1. In binary numbers, a high-order bit influences the result more than any and all of the other lower-order bits put together.

Studies show…

folding-map-360382_640In the quest to do more with less, one method I’ve seen used to get the job done more quickly is to rely on best practices and studies. It’s not that referring to best practices or studies is bad, but they should be the starting point for decisions, not the final word. Why?

Your context is unique

This was made obvious in my dissertation study in which the effect seen by applying best practices or not depended on what was being measured (i.e. what mattered). In the API reference topics I studied, whether using headings and design elements as suggested by the prevailing best practices or not made no difference in reading performance, but they made a significant difference in how the topics were perceived by the reader.

Those results applied to the context of my experiment and they might apply to other, similar contexts, but you’d have to test them to know for sure. Does it matter? You tell me. That, too, depends on the context.

A study showed…

A report on the effect that design variations had on a news site home page came out recently to show how a modern interface had better engagement than a more traditional, image+text interface. However, reader of the latter interface had better comprehension of the articles presented.

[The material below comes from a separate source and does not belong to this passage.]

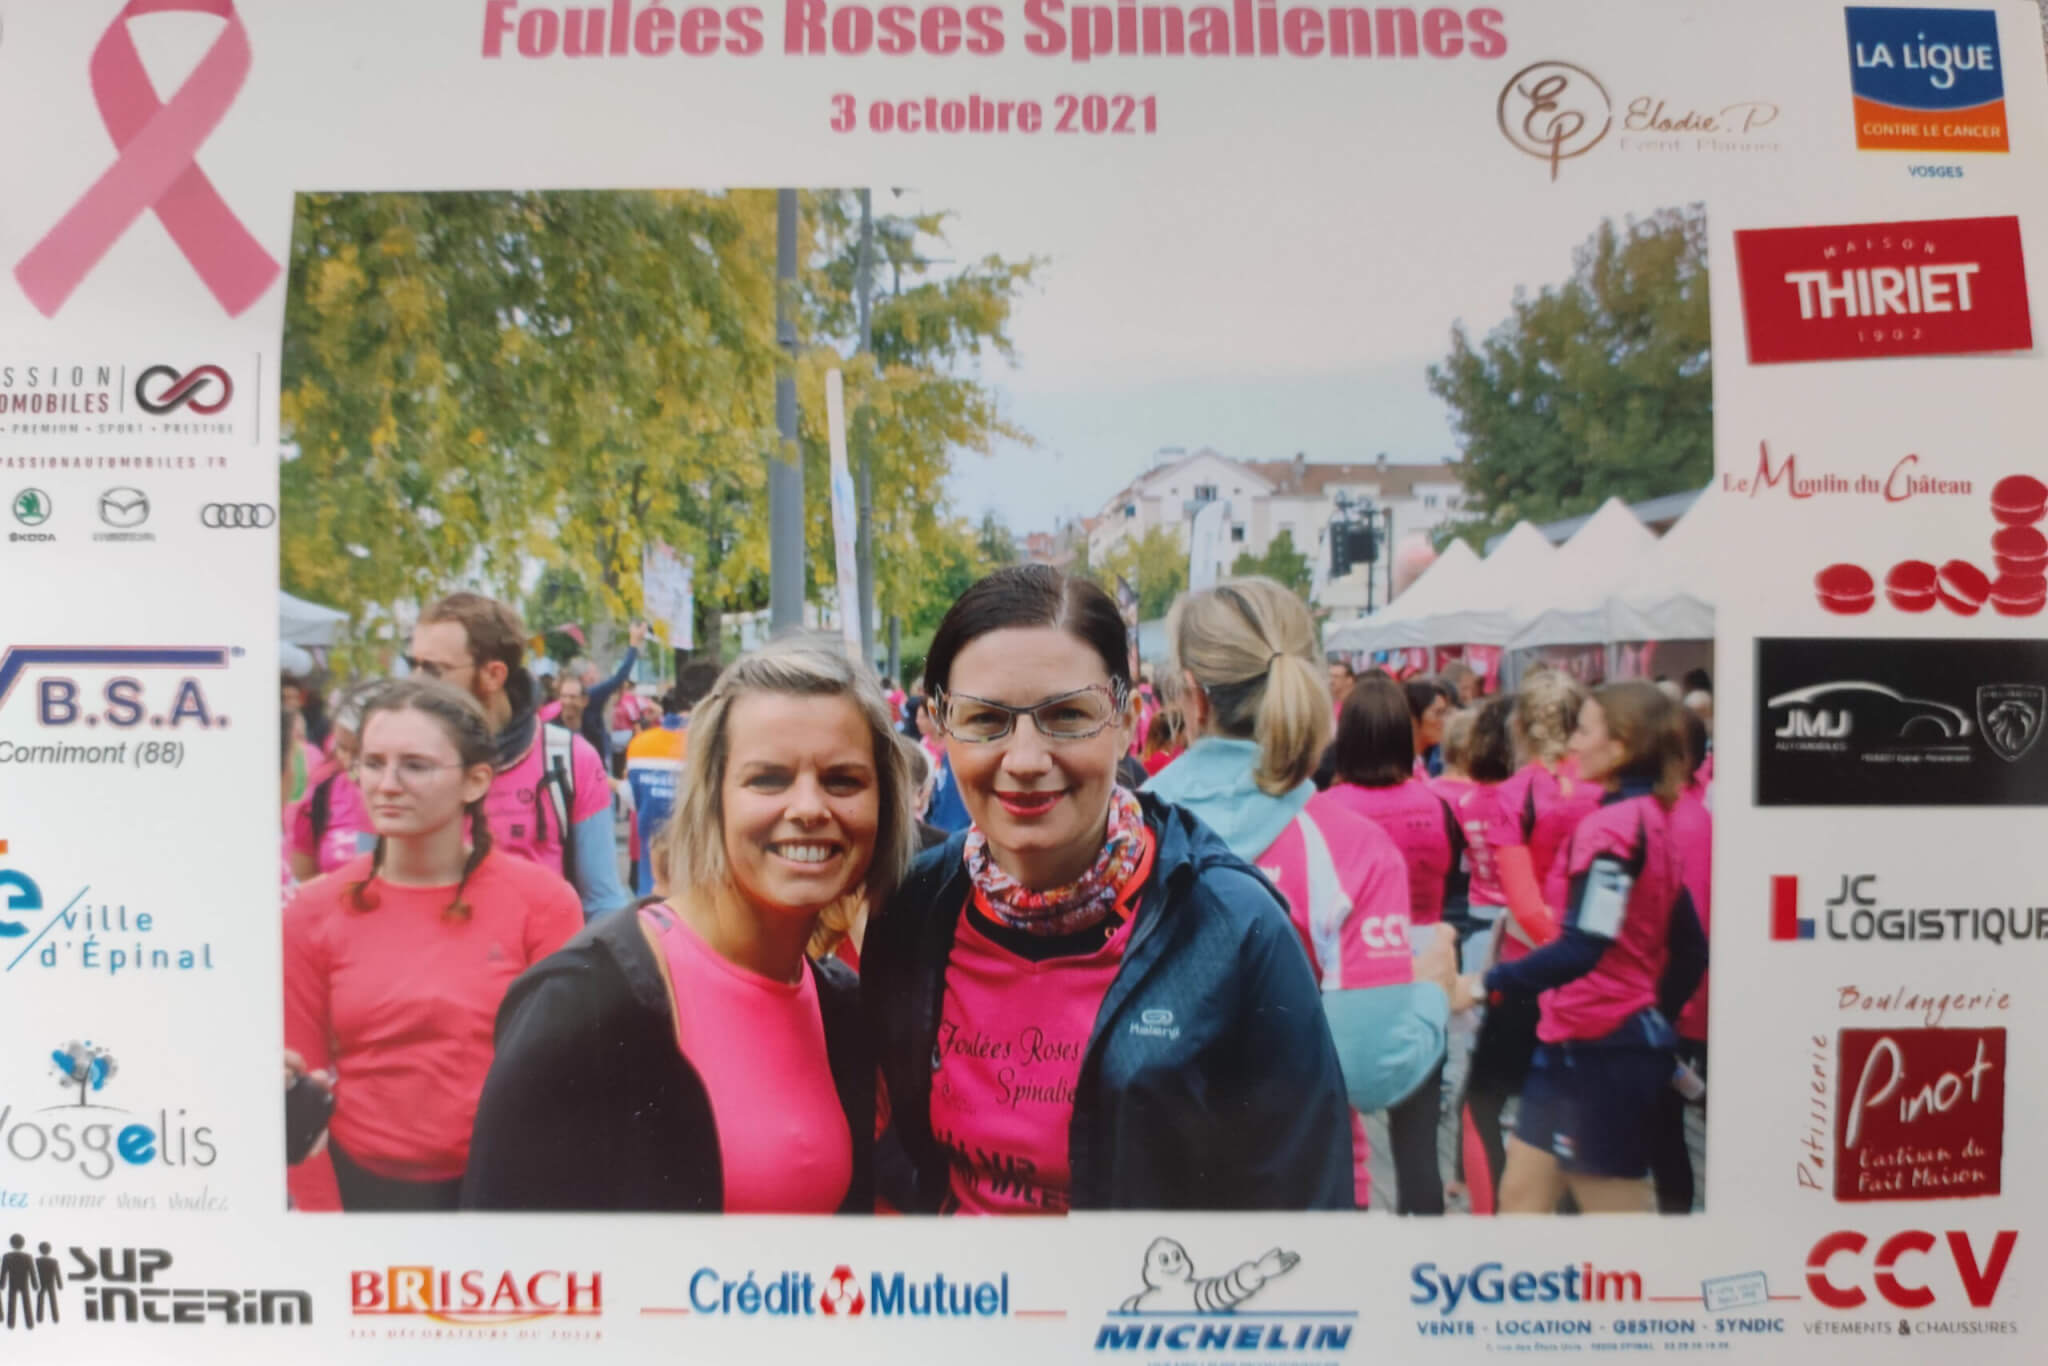 FMS foulees roses - octobre 2021 ligue contre le cancer

Since it relates design, comprehension, and engagement, I thought it was quite interesting. I skimmed the actual study, which seemed reasonable. I’m preparing myself, however, for what the provocative nature of the headline in the blog article is likely to produce.–the time when it will be used in the inevitable “studies show…” argument. It has all the components of great “studies show” ammo: it refers to modern design (timely), has mixed results (so you can quote the result that suits the argument), it has a catchy headline (so you don’t need to read the article or the report).

Remember, your context is unique

Starting from other studies and “best practices” is great. But, because your context is, invariably, unique, you’ll still need to test and validate.

When it comes to best practices and applying other studies, trust but verify.